575514 /home/sam/data/M_capitata/genomes/Pver_genome_assembly_v1.0.gff3
575514 /home/sam/analyses/20230127-pver-gff_to_gtf/Pver_genome_assembly_v1.0-valid.gff3


#### Count fields to make sure no more rows with >9 fields

In [21]:
%%bash
awk -F "\t" '{print NF}' "${analysis_dir}/${valid_gff}" | sort --unique

1
2
9


### Convert GFF to GTF

In [22]:
%%bash
cd "${data_dir}"

${gffread} -E \
"${analysis_dir}/${valid_gff}" -T \
1> ${analysis_dir}/"${gtf}" \
2> ${analysis_dir}/gffread-gff_to_gtf.stderr

### Inspect GTF

In [23]:
%%bash
head ${analysis_dir}/"${gtf}"

Pver_Sc0000000_size2095917	.	transcript	13766	20466	.	+	.	transcript_id "Pver_g1.t2"; gene_id "Pver_gene_g1"
Pver_Sc0000000_size2095917	.	exon	13766	14098	.	+	.	transcript_id "Pver_g1.t2"; gene_id "Pver_gene_g1";
Pver_Sc0000000_size2095917	.	exon	16629	16667	.	+	.	transcript_id "Pver_g1.t2"; gene_id "Pver_gene_g1";
Pver_Sc0000000_size2095917	.	exon	17615	17698	.	+	.	transcript_id "Pver_g1.t2"; gene_id "Pver_gene_g1";
Pver_Sc0000000_size2095917	.	exon	18109	18420	.	+	.	transcript_id "Pver_g1.t2"; gene_id "Pver_gene_g1";
Pver_Sc0000000_size2095917	.	exon	18845	19071	.	+	.	transcript_id "Pver_g1.t2"; gene_id "Pver_gene_g1";
Pver_Sc0000000_size2095917	.	exon	19404	19581	.	+	.	transcript_id "Pver_g1.t2"; gene_id "Pver_gene_g1";
Pver_Sc0000000_size2095917	.	exon	19848	20466	.	+	.	transcript_id "Pver_g1.t2"; gene_id "Pver_gene_g1";
Pver_Sc0000000_size2095917	.	CDS	14014	14098	.	+	0	transcript_id "Pver_g1.t2"; gene_id "Pver_gene_g1";
Pver_Sc0000000_size2095917	.	CDS	16629	16667	.	+	2	transcrip

### Generate checksum(s)

In [24]:
%%bash
cd "${analysis_dir}"

for file in *
do
  md5sum "${file}" | tee --append checksums.md5
done

9828841097f80b93fc2c599b76432b7c  gffread-gff_to_gtf.stderr
5dd8f21a4faea1f46c48a5ab253749d7  Pver_genome_assembly_v1.0-valid.gff3
c3cc8fb576bcf39dd17b6d229100aa56  Pver_genome_assembly_v1.0-valid.gtf


### Document GffRead program options

In [25]:
%%bash
${gffread} -h

gffread v0.12.7. Usage:
gffread [-g <genomic_seqs_fasta> | <dir>] [-s <seq_info.fsize>] 
 [-o <outfile>] [-t <trackname>] [-r [<strand>]<chr>:<start>-<end> [-R]]
 [--jmatch <chr>:<start>-<end>] [--no-pseudo] 
 [-CTVNJMKQAFPGUBHZWTOLE] [-w <exons.fa>] [-x <cds.fa>] [-y <tr_cds.fa>]
 [-j ][--ids <IDs.lst> | --nids <IDs.lst>] [--attrs <attr-list>] [-i <maxintron>]
 [--stream] [--bed | --gtf | --tlf] [--table <attrlist>] [--sort-by <ref.lst>]
 [<input_gff>] 

 Filter, convert or cluster GFF/GTF/BED records, extract the sequence of
 transcripts (exon or CDS) and more.
 By default (i.e. without -O) only transcripts are processed, discarding any
 other non-transcript features.
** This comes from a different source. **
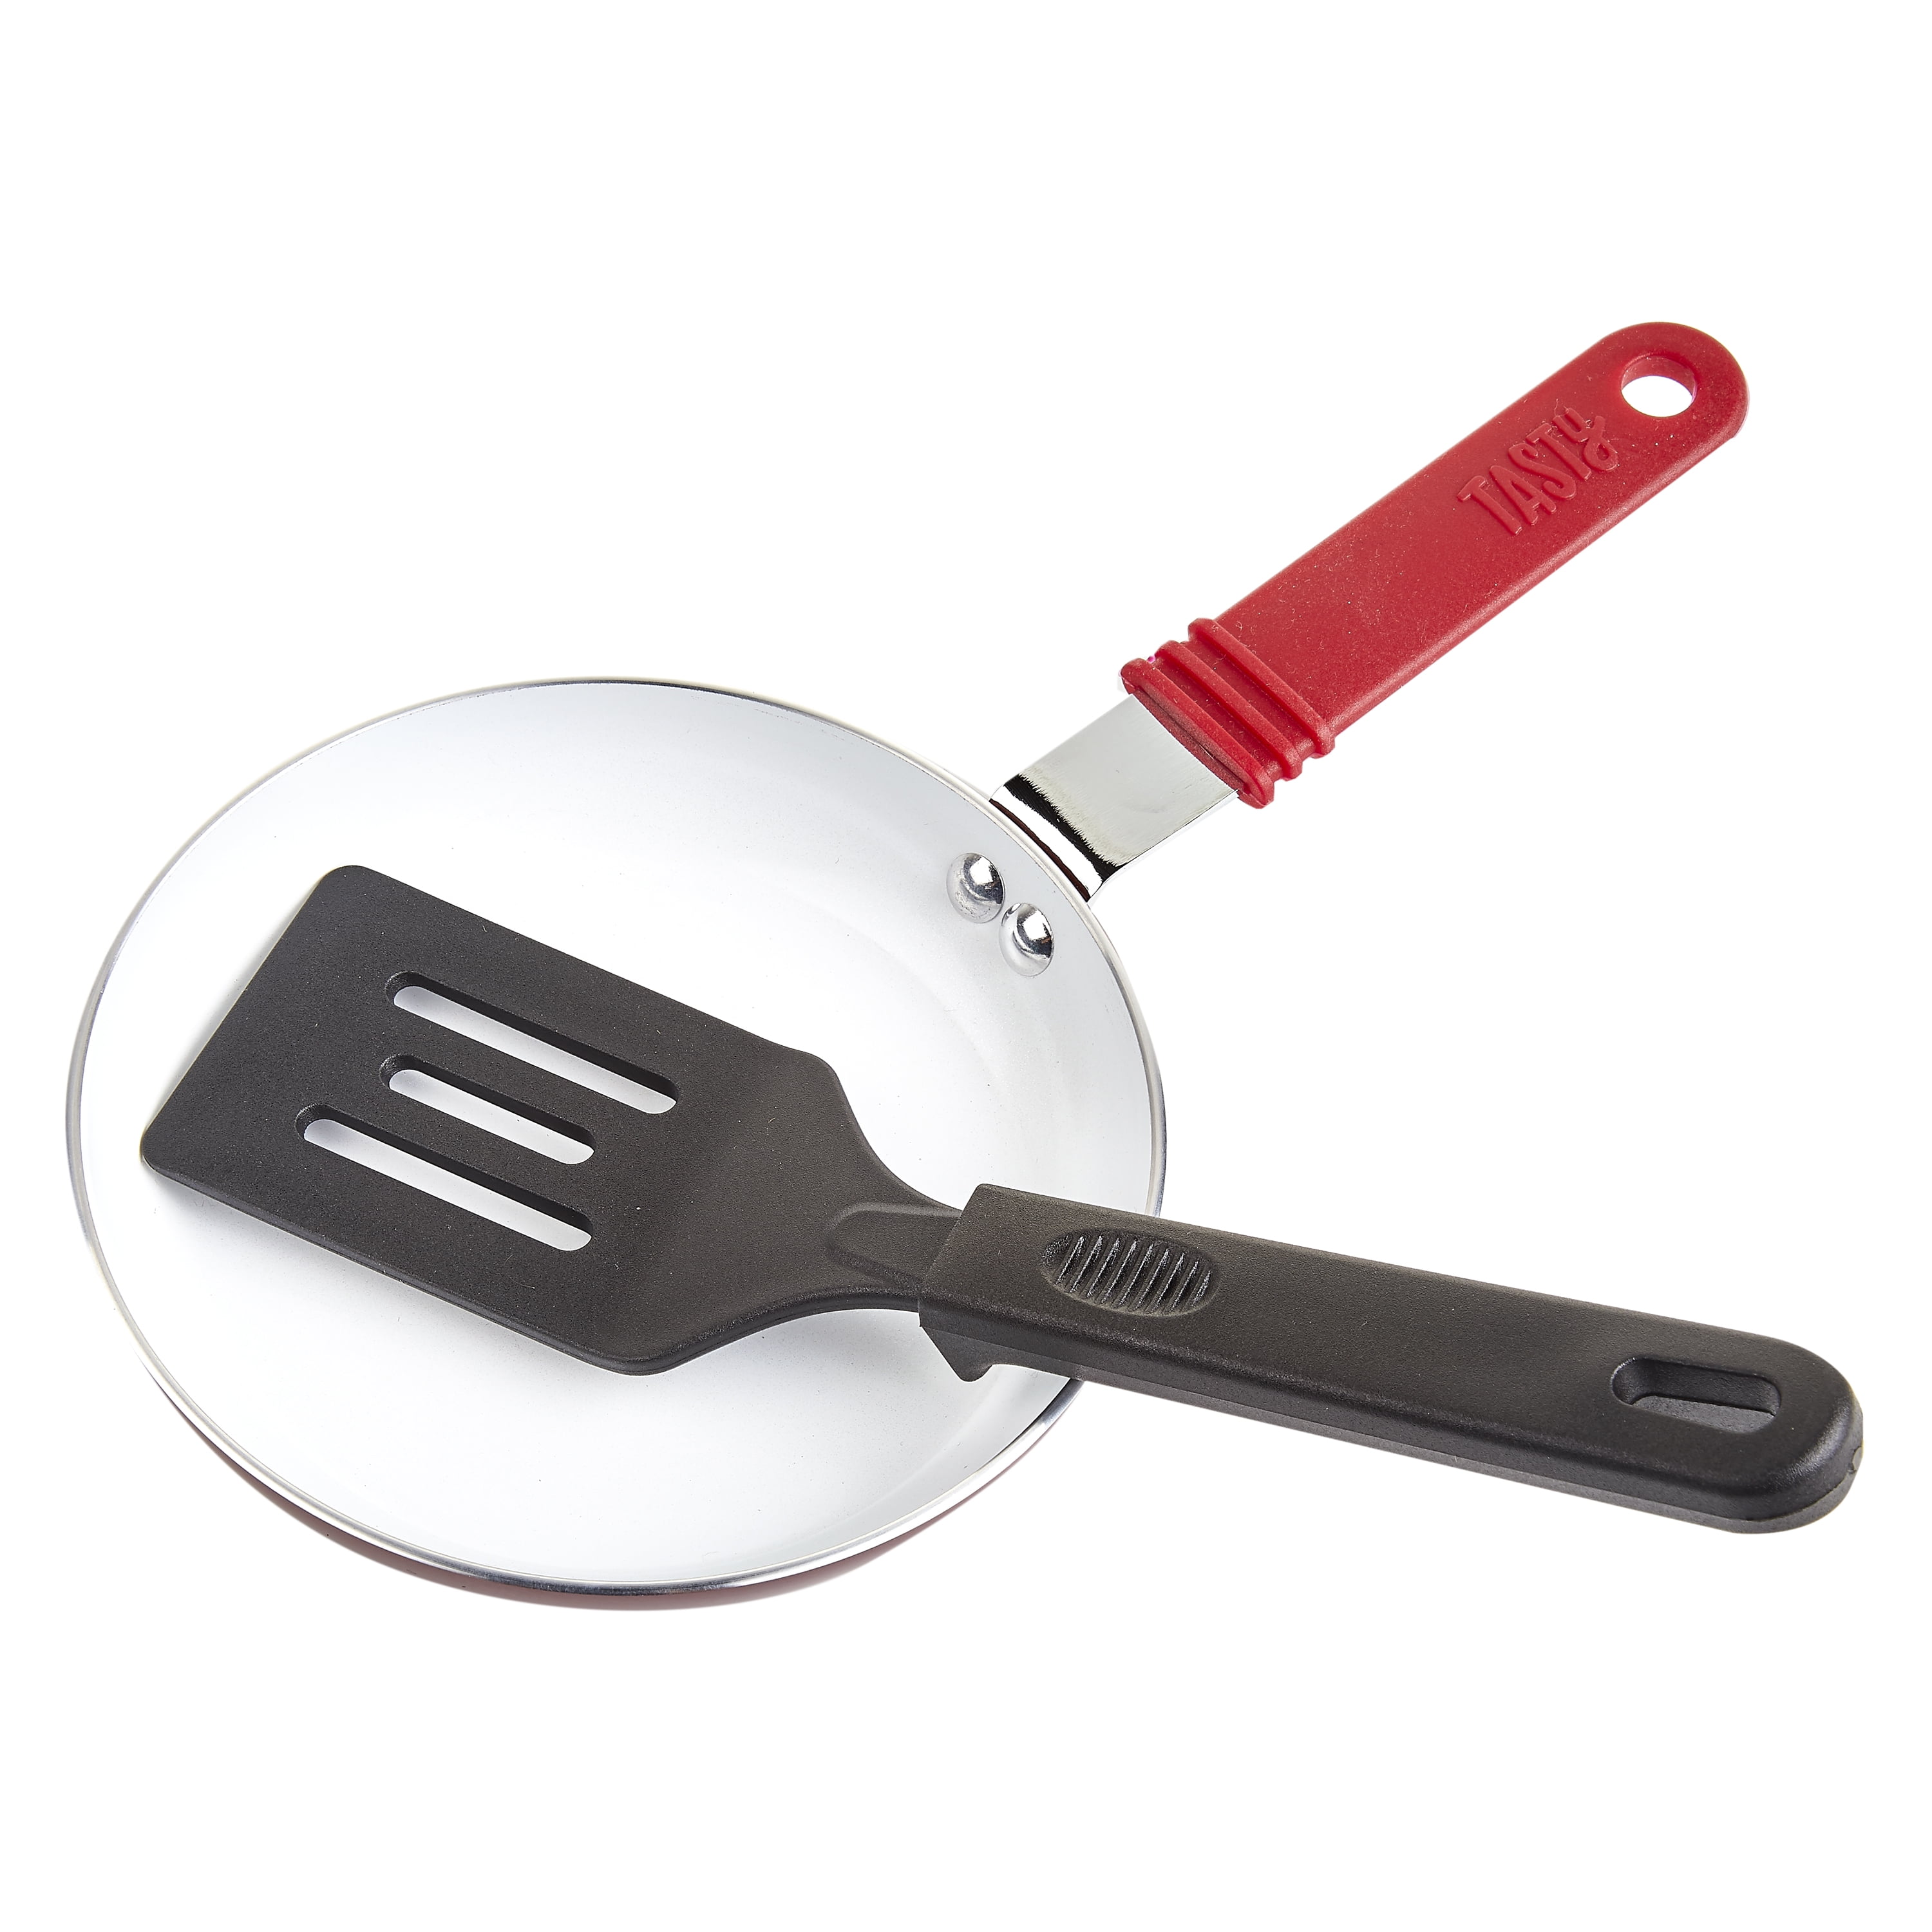 Tefal Pans (75 products) compare today & find prices »

Default output is a simplified GFF3 with only
 the basic attributes.
 
Options:
 --ids discard records/transcripts if their IDs are not listed in <IDs.lst>
 --nids discard records/transcripts if their IDs are listed in <IDs.lst>
 -i   discard transcripts having an intron larger than <maxintron>
 -l   discard transcripts

CalledProcessError: Command 'b'${gffread} -h\n'' returned non-zero exit status 1.